From:Christian Lerrahn (lis@penpal4u.net)
Date:Apr 2, 2006 11:33:37 pm
List:net.sourceforge.lists.courier-maildrop

Hi Thorsten,

Let's say I want to filter out all emails coming from ab@def.com. I tried the following.

/From:\s+.*abc@def\.com/ /From: *ab@def.com/

[snip]

Matching mail adresses is not trivial. Friedl has a regex for this in his book which is one solid page long. Others say it can't be done at all.

Why is that such a problem? It can be easily done in procmail.

What regex?

One of the reasons is that adresses have recursive elements, regexes don't. Also, things like ab@def.com <xy@axample.com> tend to be interesting.

Why are the examples in the maildrop documentation not working? At least one of the examples I gave was from the docs.

Which one?

man 7 maildropex gives the example

if (/^From: *boss@domain\.com/ \ && /^Subject:.*[:wbreak:]project status[:wbreak:]/) { cc "!john" to Mail/project }

This is essentially the same as what I tried, just that the . is escaped and there's a second rul.

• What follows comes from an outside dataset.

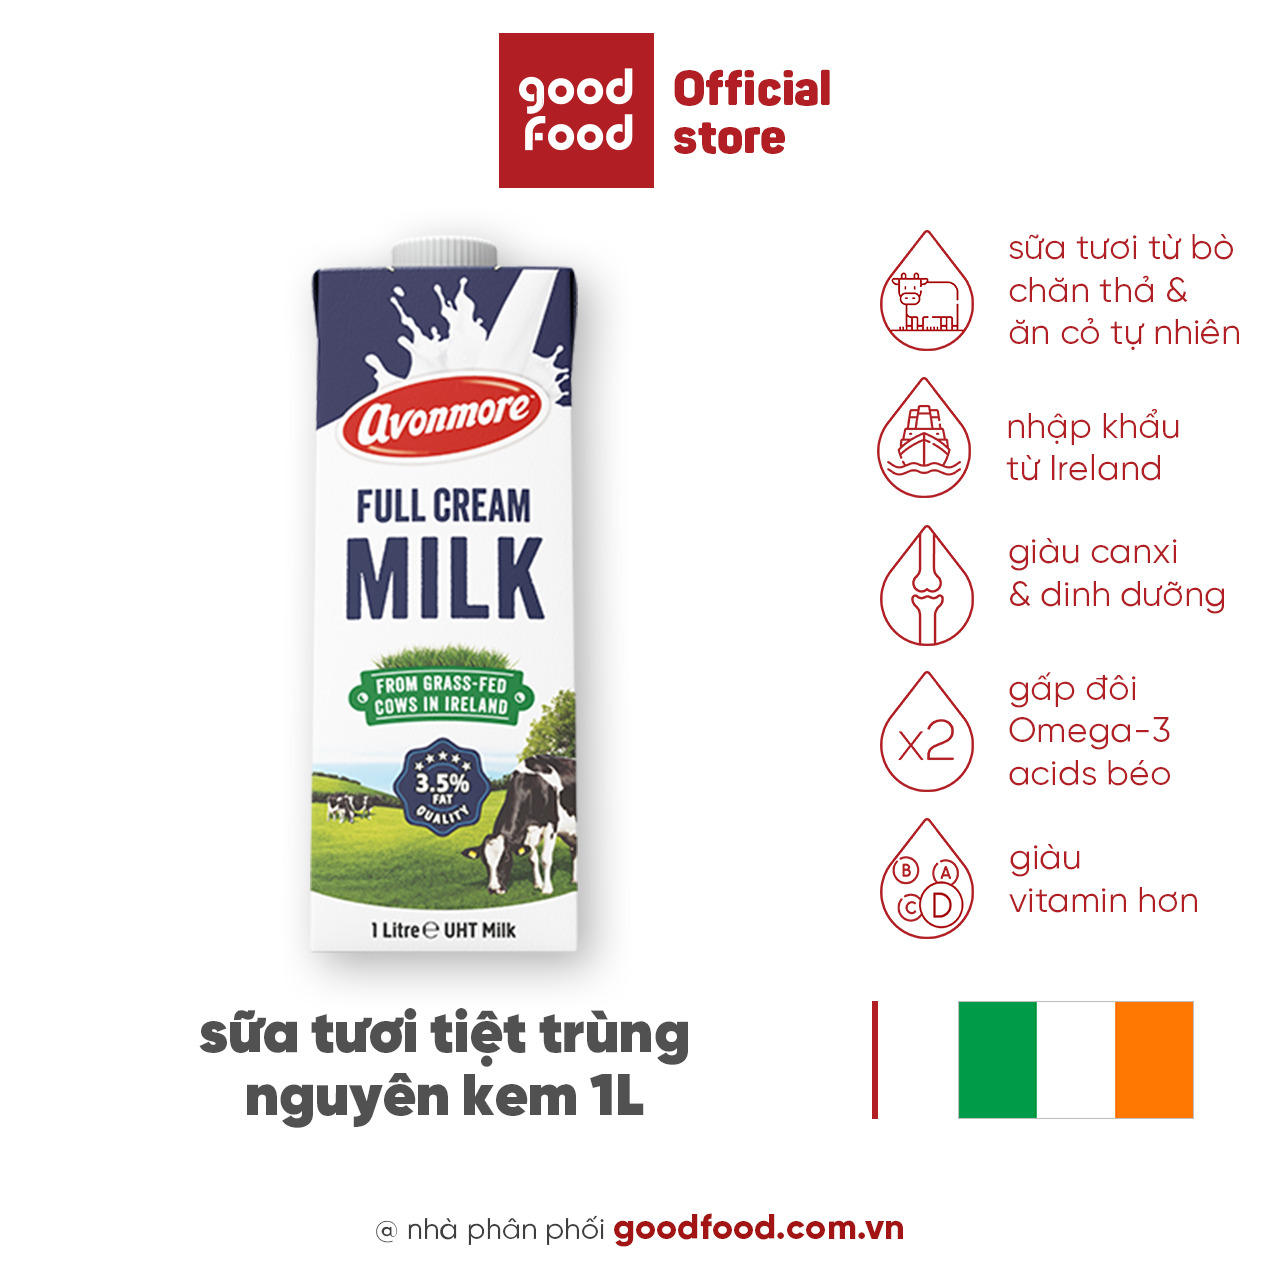 sữa tươi nguyên chất tiệt trùng (không đường) avonmore uht full cream milk 1l giàu chất dinh dưỡng tốt cho sức khỏe 1

Anyway, for the case you mention above, try /^From:.*?ab@def.com$/.

Ok, I'll try that. But why does the .* have to be greedy?

It ain't. The ? makes it explicitly ungreedy. (I guess, I never actually used the later versions of Maildrop.)

In Perl you would only have to use greedy matching if there are several occurrences of what is behind that pattern. This is not the case here.

It should work either way in this case, but ungreedy pattern tend to be cheaper.

Sorry. I was only confusing the two things. Of course, this is ungreedy matching. However, greedy matching didn't seem to work and I have no clue why this should be about greedy or not.

And shouldn't it be /^From:.*?ab@def.com.*?$/ then? Otherwise, the ">" at the end of the address would still be a problem wouldn't it?

True, just leave out the closing $.

Ok. I had guessed that. However, I haven't got it working so far. But I'll go on experimenting a bit.